A few days ago I wrote this relating to “what next” and exploring some options as to events relating to the signing – or not – of the EU-Ukraine Association Agreement and Deep and Comprehensive Free Trade Agreement.

It painted a rather somber picture.

Within that entry I wrote “….the signing of this agreement should it occur, is no panacea for Ukraine. A lot of hard work, effective implementation and hard choices will still need to be made to move matters from the signing of this agreement to ratification by the Member States. That will take a number of years even if unified and determined political will formulates across the entirety of the Ukrainian political class – and anybody will any knowledge of the political class of Ukraine will be well aware that it will pick and choose what to implement and what to drag its feet over, regardless of who is in power.

So, in the fairly unlikely scenario (certainly whilst Tymoshenko remains incarcerated) that all 28 EU Member States and the relevant EU institutions sign the Association Agreement (and it needs signatures from all), it is perhaps necessary to demonstrate – with one of several examples that will come to light should the agreement be signed – just how difficult it remains for Ukraine to actually fully meet the requirements of what it may soon sign up to – and ratification is hardly likely to be forthcoming from all EU institutions and Member States until Ukraine does fully meet its commitments within the Association Agreement.

Back in February this year I wrote this relating to The Rome Statute, and the fact that although this Statute has been signed by Ukraine, it has not been ratified – because the Ukrainian Constitution, unless it gets amended, prohibits the ratification.

Amending the Constitution is a necessarily difficult thing to do – quite rightly, as the degree of difficulty was deliberately inserted to insure against political expediency of those in power at any particular time.

But what has The Rome Statute got to do with the signing of the Association Agreement with the EU?

Well, Article 8 of the Association Agreement between the EU and Ukraine states that Ukraine must ratify The Rome Statue, thus subjecting its citizens to the jurisdiction of international courts – contrary to Article 124 of the Constitution of Ukraine, the same Article that has prevented Ukraine ratifying their signature to the Statute in 2000.

This problem (and others of similar nature) will not have been unknown to either side when the Association Agreement was negotiated and sealed.  Thus neither side can realistically be expecting a rapid implementation process even if the agreement does get signed.

That is not to say Ukraine signing the Association Agreement with the EU is unconstitutional any more than its signing of The Rome Statute was in 2000 – but the ratification of it would be – unless changes to the Constitution are made prior to any ratification attempts.

This singular example – of which there are others – takes me nicely back to my statement  “A lot of hard work, effective implementation and hard choices will still need to be made to move matters from the signing of this agreement to ratification by the Member States.”

It will take years for such constitutional changes to occur as there needs to be a unified political will across the vast majority of MPs of all parties to muster the 300 necessary votes – which is hardly likely to happen before a presidential election in March 2015, and may not happen quickly thereafter either.

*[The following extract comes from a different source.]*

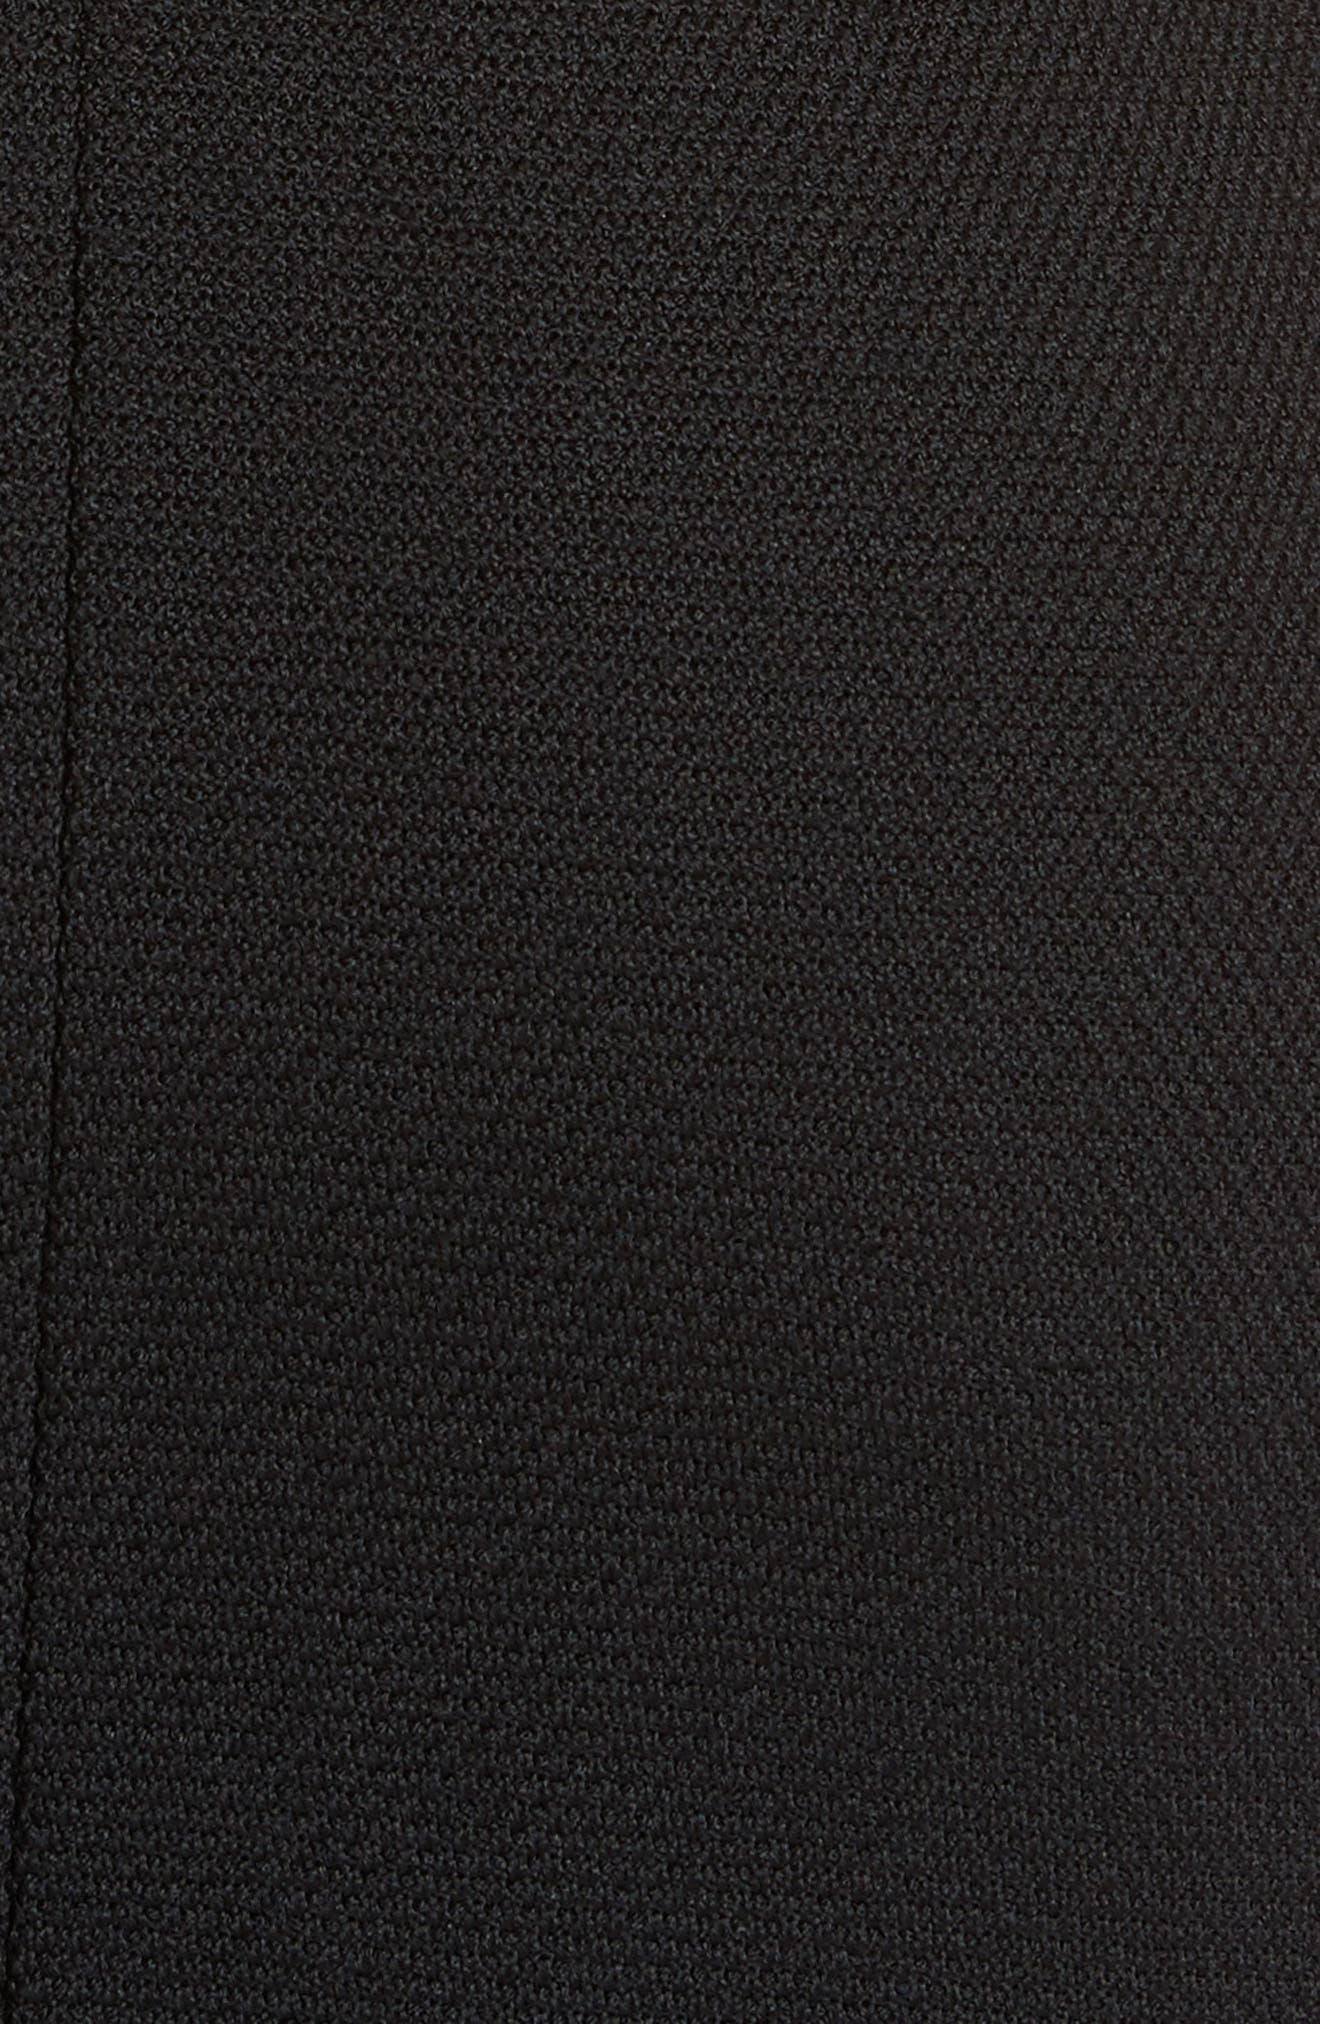 Micro Bouclé Knit Dress,                             Alternate thumbnail 5, color,                             CAVIAR

This leads us to the question of EU leverage with Ukraine.

Is it going to be lessened by signing the agreement in November – or does that leverage remain just as strong pending full ratification of the agreements?

Perhaps if the signing of the agreement is re-framed in the media and public perception as a “clear intent with regards direction” and nothing more – and then latterly/eventually, if/when ratification does occur with Ukraine having met the clauses within the agreement in full, then and only then, should the term “EU integration” be freely used, in an effort to better manage expectations?